Never one to do the smart thing, I once again have written an article about a subject where there is probably already too much written - sauces. My take of course is with a French view on the subject. If you're interested sauce recipes, check out the article here.


----------



## cape chef (Jul 31, 2000)

bouland,
It's been a while since I visited your site.
Great job on the sauces. I for one am never tired of discussion sauces

Thanks again
cc


----------



## terri (Jan 9, 2002)

I love sauces! I'm terribly unhappy if I get a dish with no sauce. It's just one of my requirements, don't ask me why.
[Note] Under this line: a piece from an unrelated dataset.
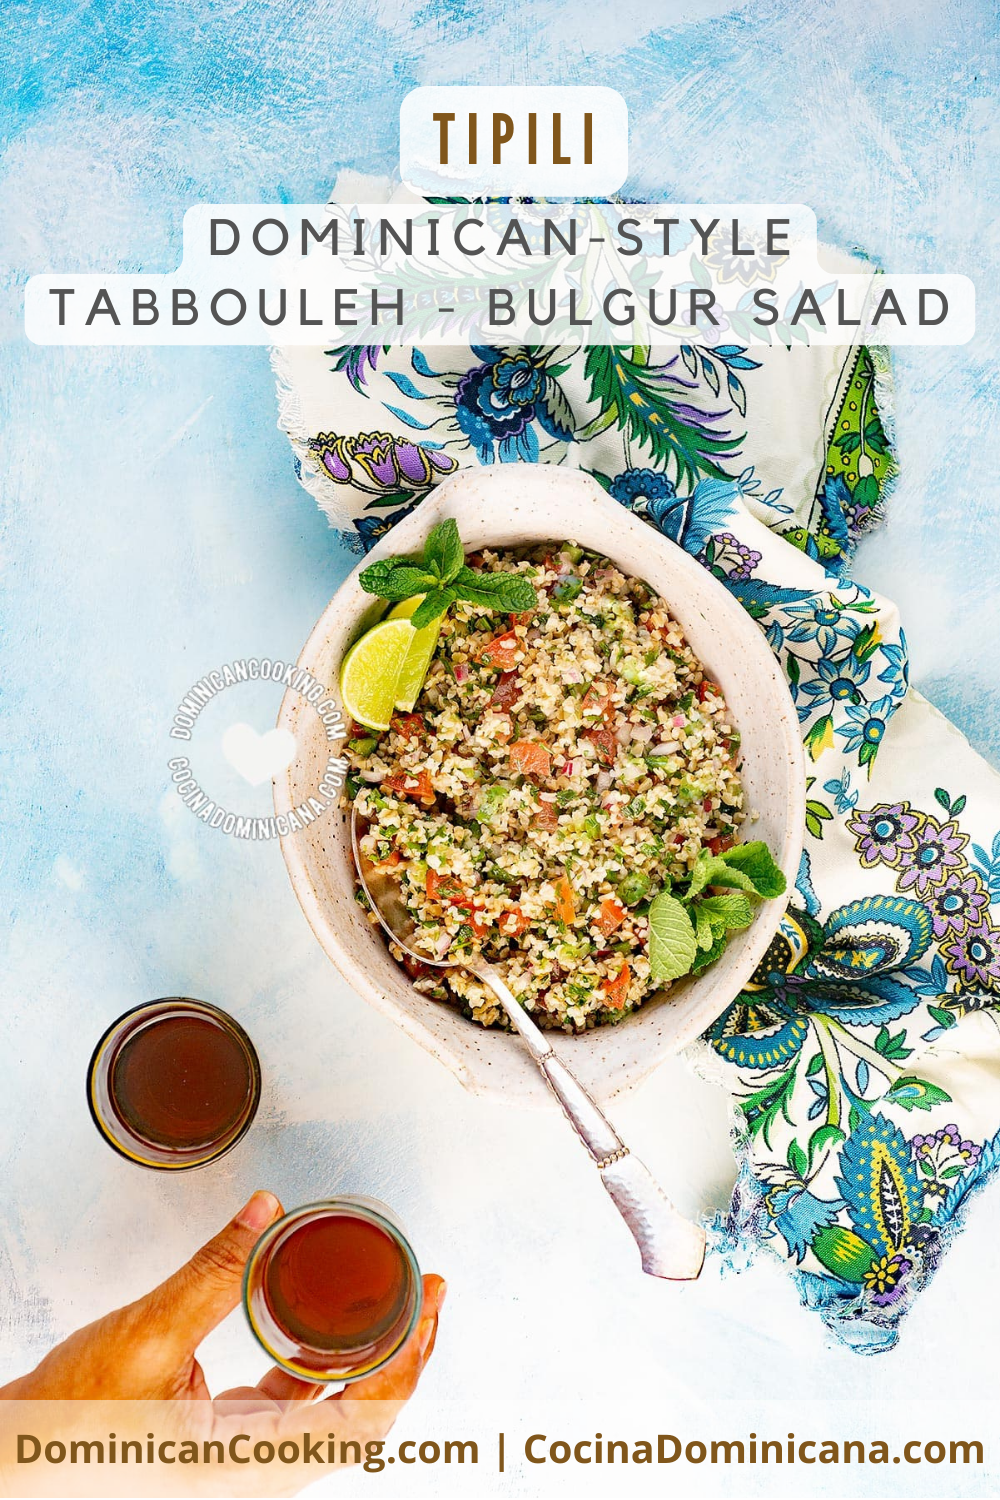 Tipili- Dominican style tabbouleh bulgur salad recipe.
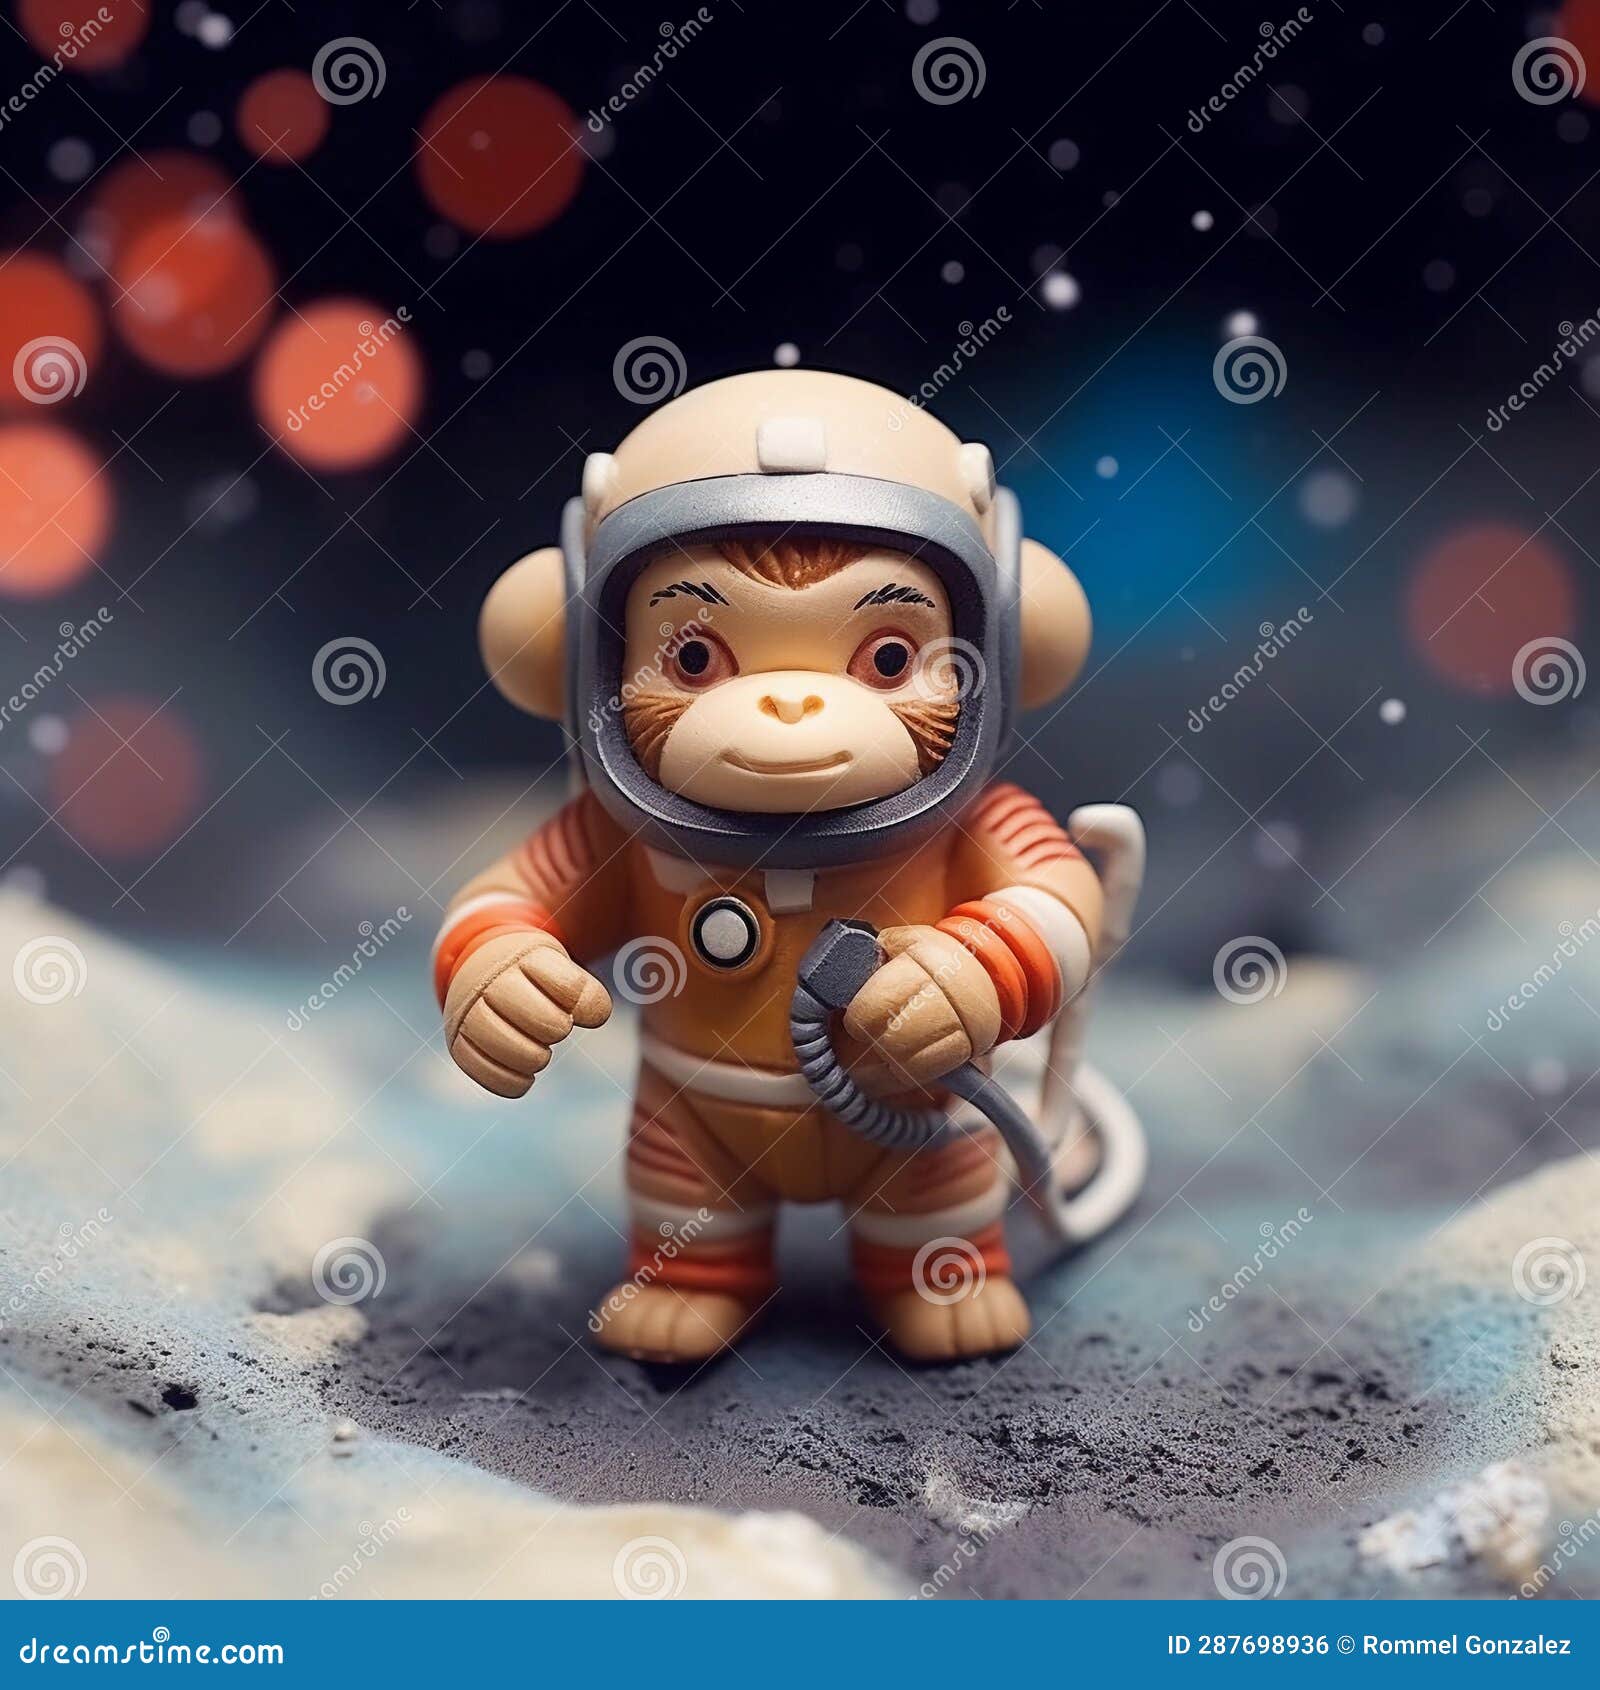 cartoon monkey astronaut walking on lunar surface. espacial travel concept

Anyways, I'm looking forward to trying out some of your sauces that are new to me.
Great job and (programmer brain active) great presentation!


----------



## cinabun (Jan 9, 2002)

Thanks bouland--I love sauces and these will go a long way to expand my repertoire.


----------



## mudbug (Dec 30, 1999)

Those of you who love sauces may also be interested in checking out the following:










*Sauces* by James Peterson, winner of the James Beard cookbook of the year award.

Look here to read a review.


----------



## marmalady (Apr 19, 2001)

Hi, Bouland, 

GREAT website! :bounce:

To cchiu, Do you like the James Peterson book? I have it, but find him rather - well - fussy. have also worked with him at a cooking class, and found him rather - well - fussy.


----------